EXERCISE INSTRUCTIONS -> Please output the listing below character for character and omit the images.

DATA BLOCK ->
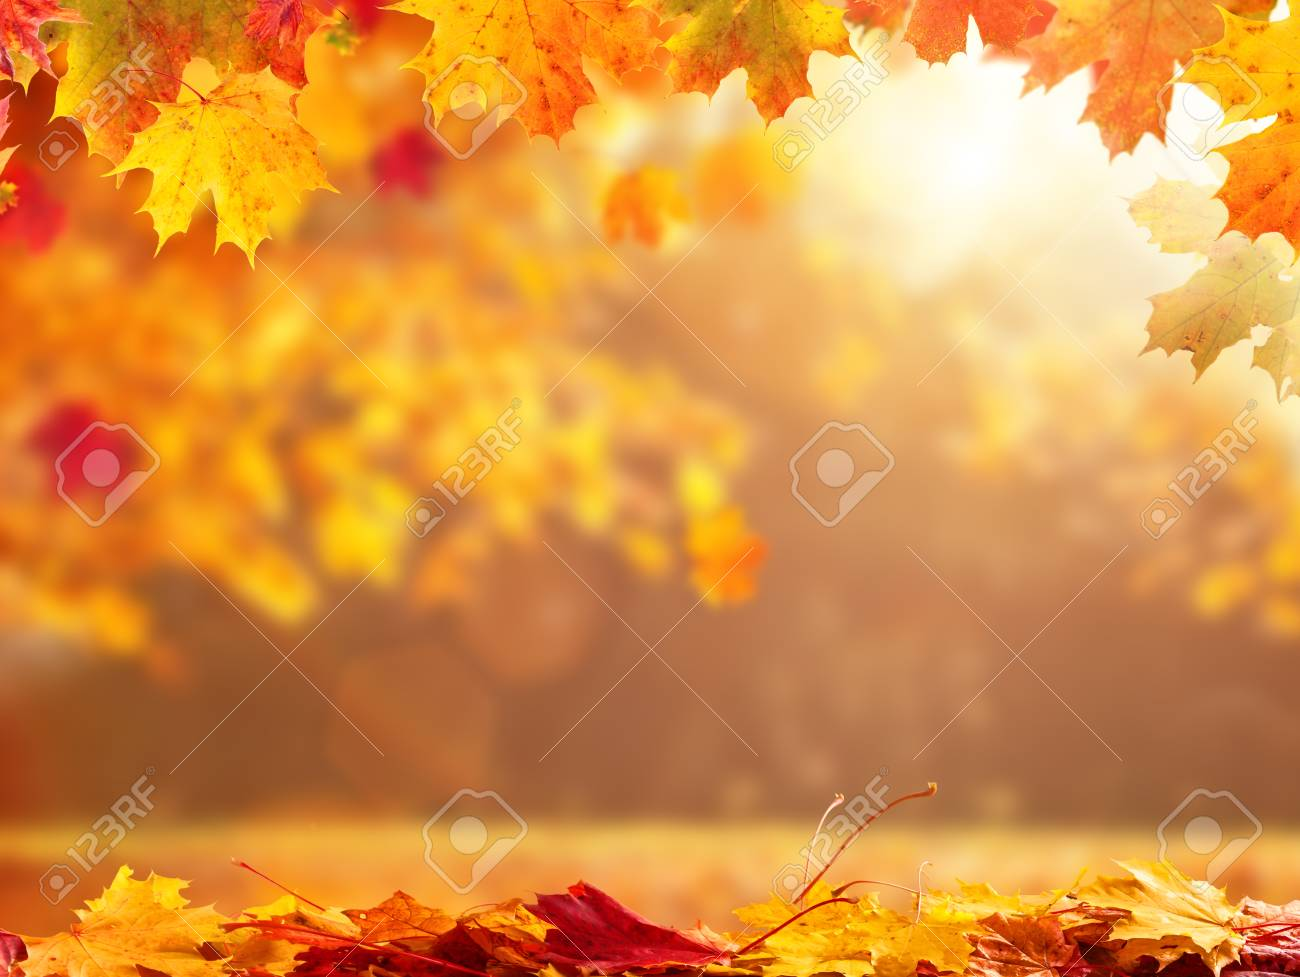 Schone Saisonale Abstrakte Herbst Hintergrund Mit Exemplar Und
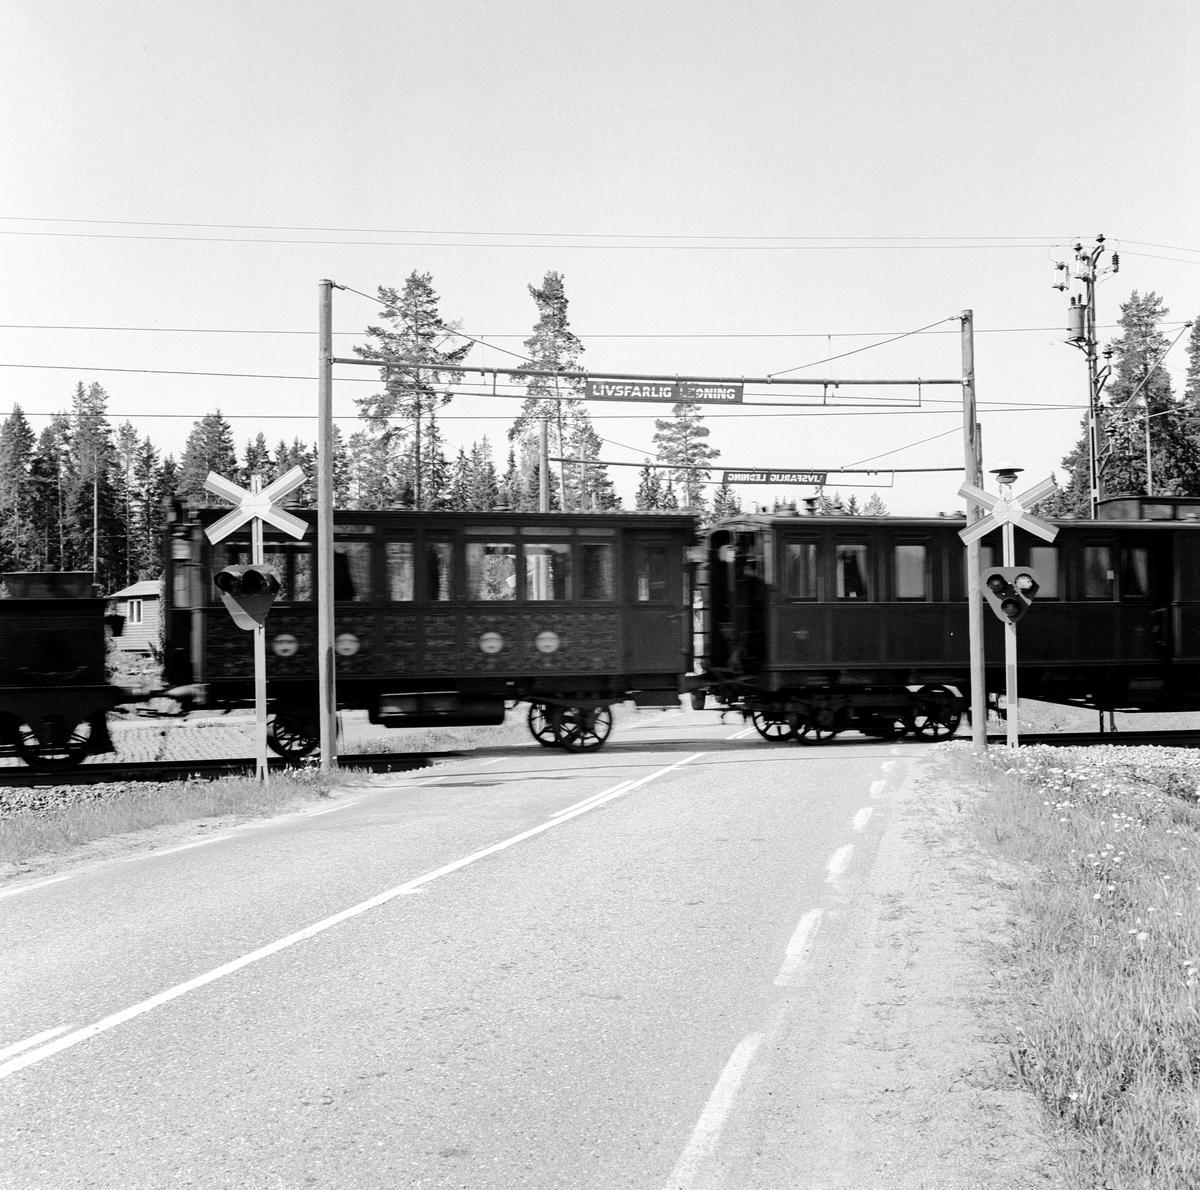 Järnvägsmuseet flyttar från Stockholm till Gävle. SJ 5 Kunglig audiensvagn, SJ 1862 Drottning Sofias salongsvagn mellan Uppsala och Gävle
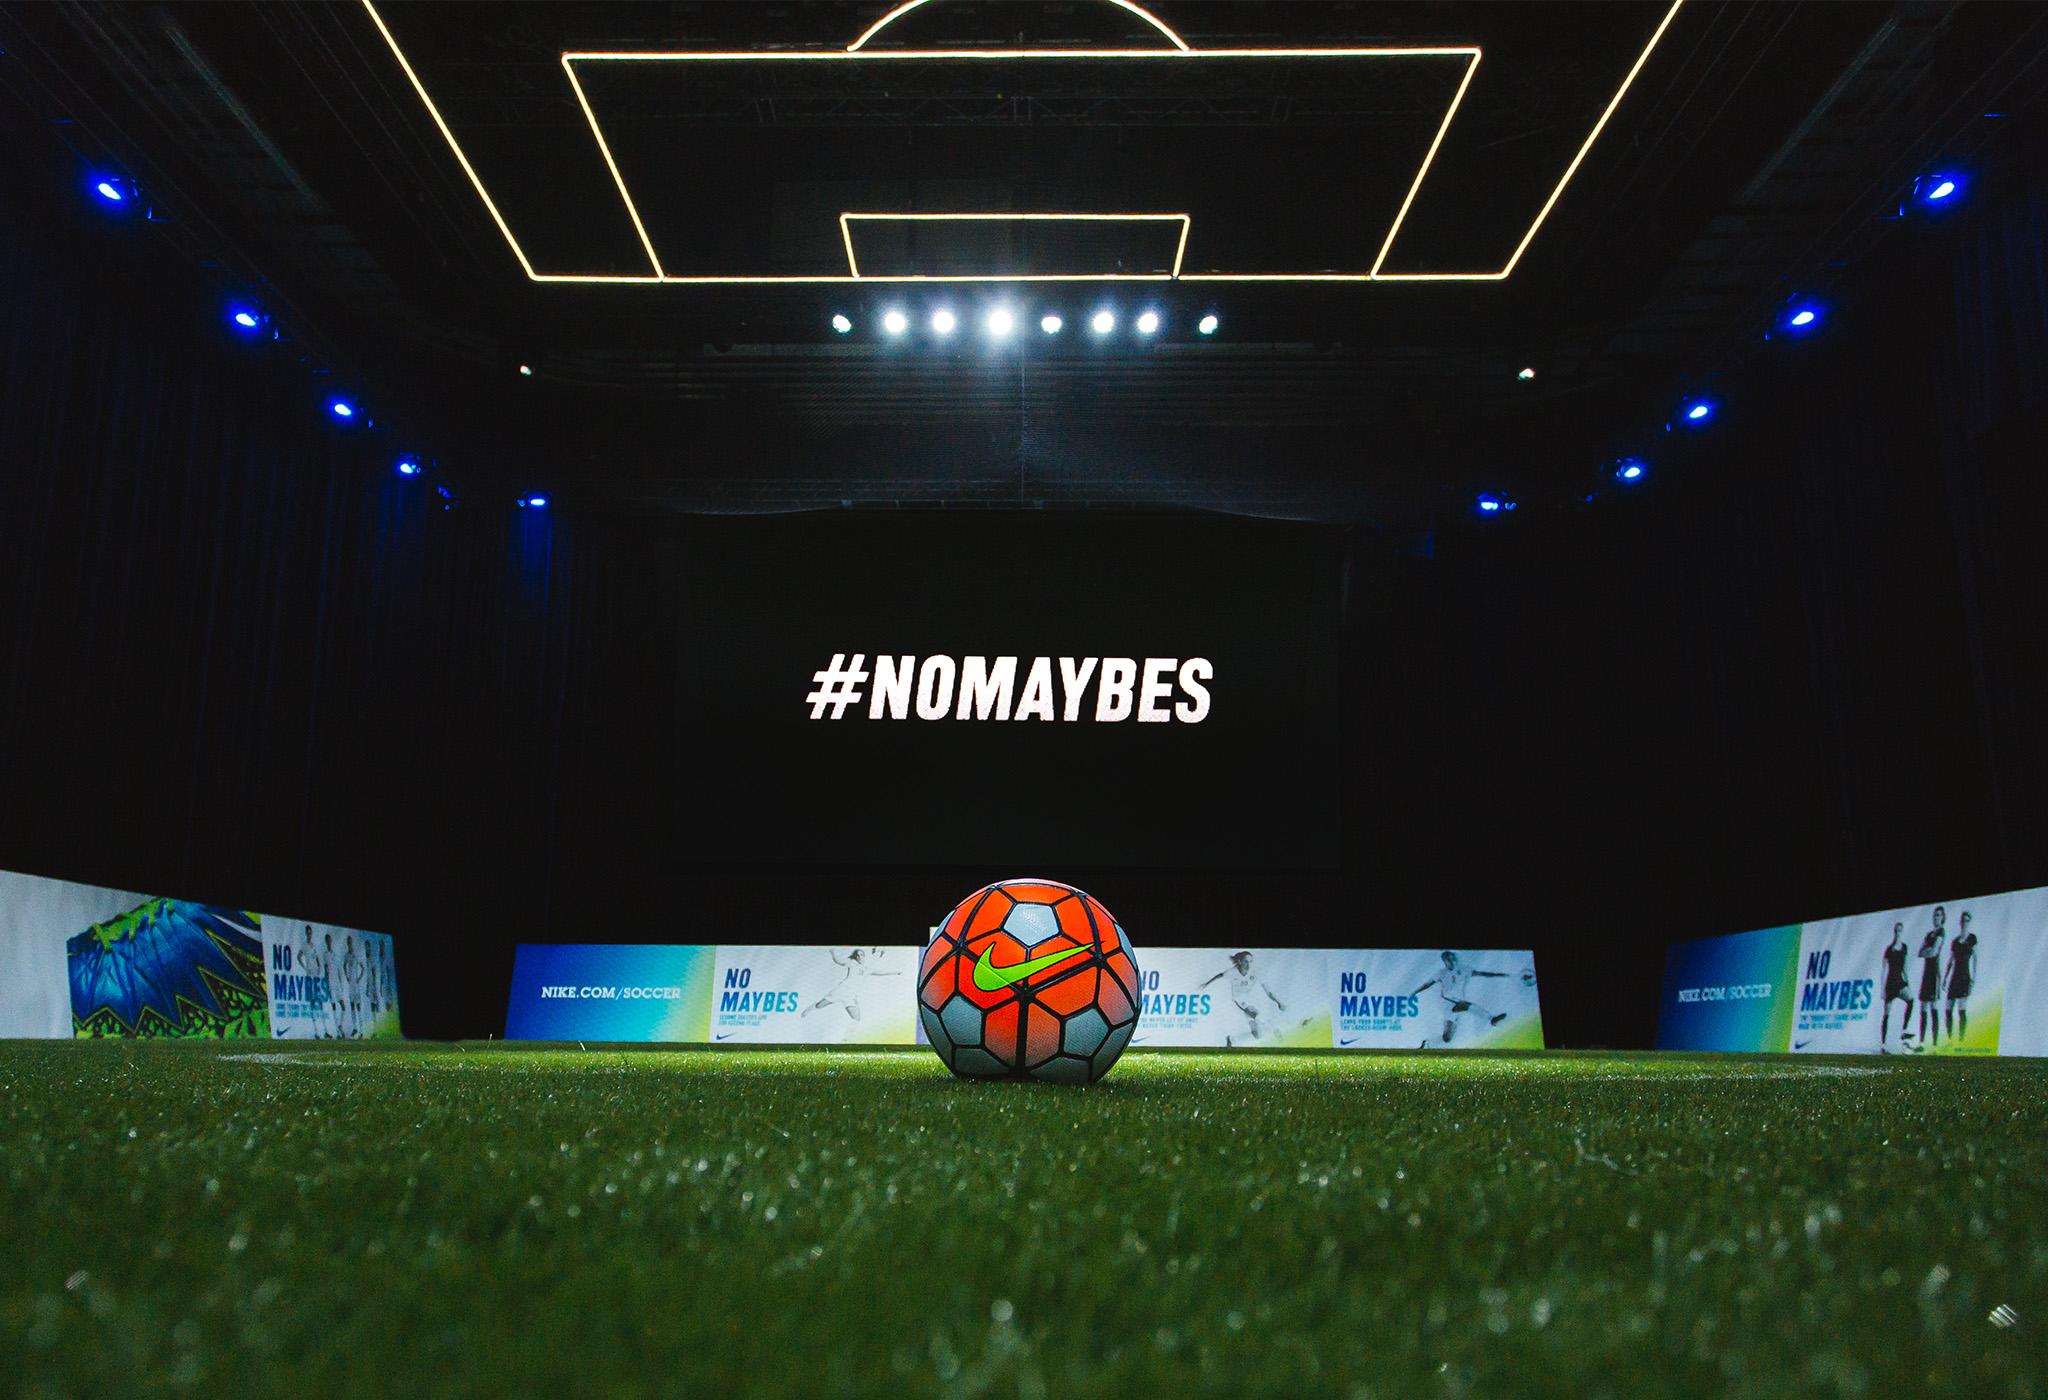 Confidencial codo partícipe  Nike Women's World Cup — RYAN HAALAND
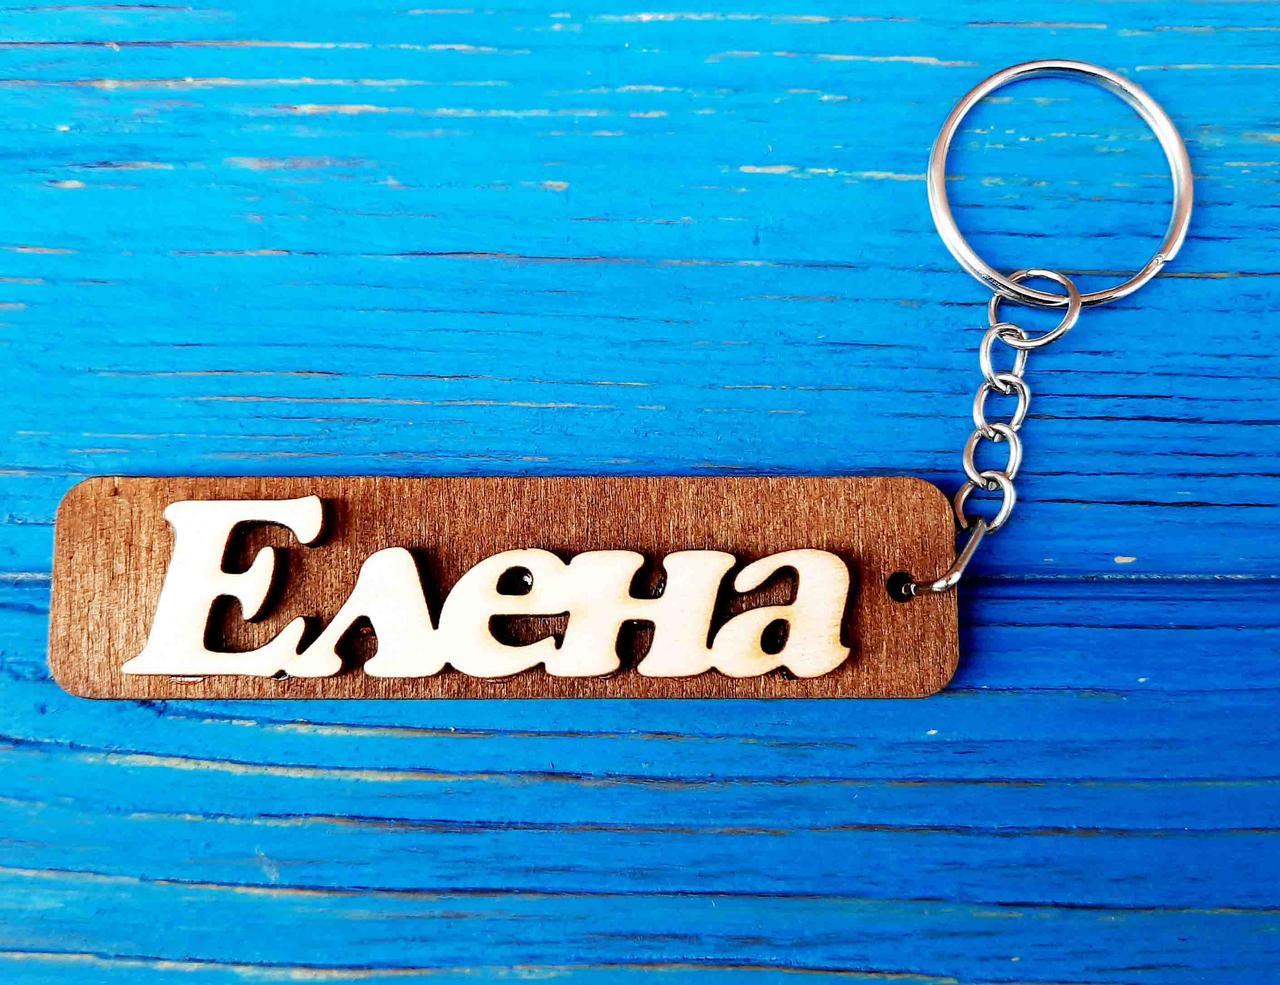 Брелок іменний Олена. Брелок з ім'ям Олена. Брелок дерев'яний. Брелок для ключів. Брелоки з іменами

REPLY TO THE TASK ->
 Schone Saisonale Abstrakte Herbst Hintergrund Mit Exemplar Und
 Järnvägsmuseet flyttar från Stockholm till Gävle. SJ 5 Kunglig audiensvagn, SJ 1862 Drottning Sofias salongsvagn mellan Uppsala och Gävle
 Confidencial codo partícipe  Nike Women's World Cup — RYAN HAALAND
 Брелок іменний Олена. Брелок з ім'ям Олена. Брелок дерев'яний. Брелок для ключів. Брелоки з іменами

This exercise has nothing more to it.